## [Your assignment]
Give again, exactly as written, the lines of the records below from the line with "Energielabel Biesland 2-C118 Beverwijk" to the line with "CNL Tour Concepción - II Feat. ASL". Both end lines count; pictures do not.

## [The data]
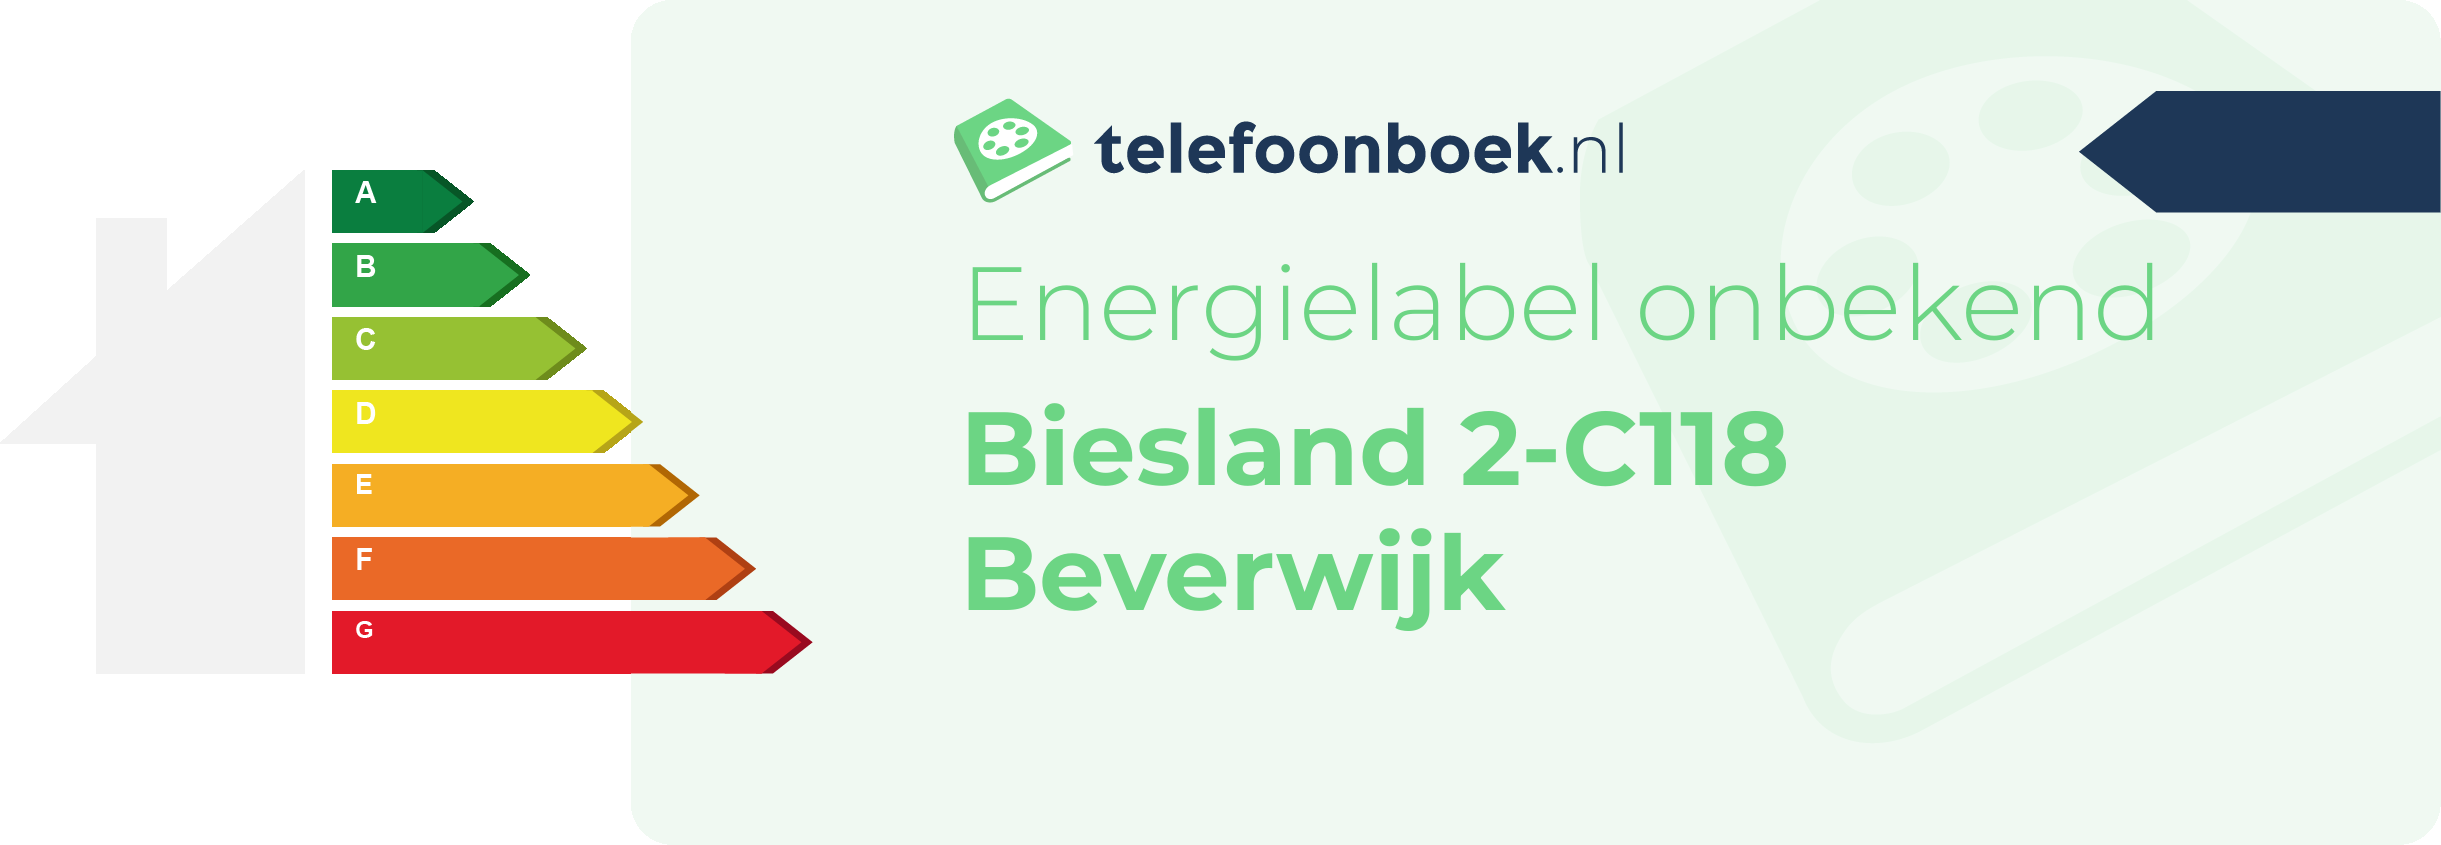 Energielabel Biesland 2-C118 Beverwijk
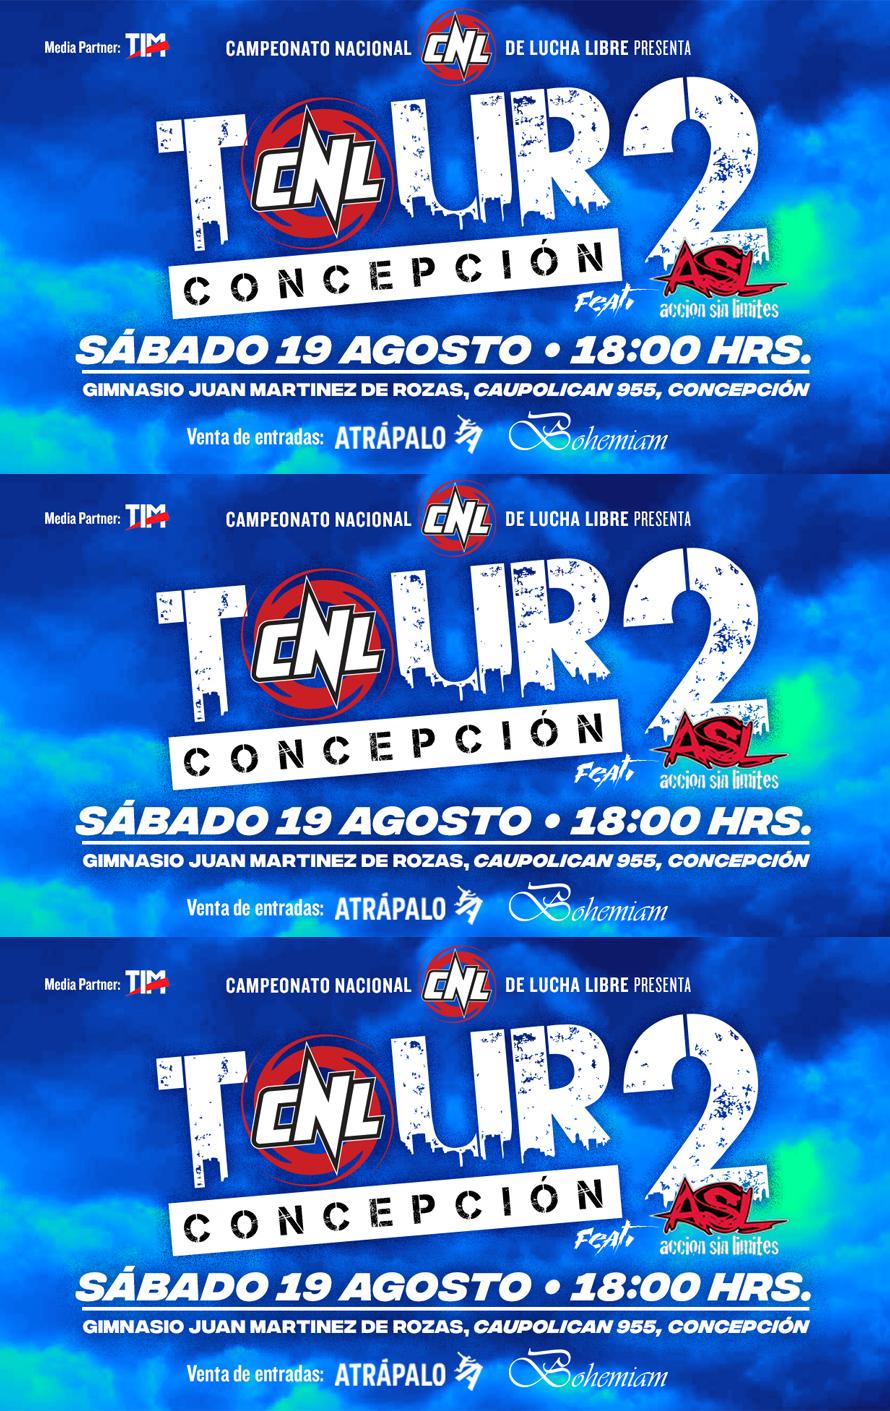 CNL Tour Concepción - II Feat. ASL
---
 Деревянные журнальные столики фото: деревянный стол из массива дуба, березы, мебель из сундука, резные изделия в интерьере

## [Written response]
 Energielabel Biesland 2-C118 Beverwijk
 CNL Tour Concepción - II Feat. ASL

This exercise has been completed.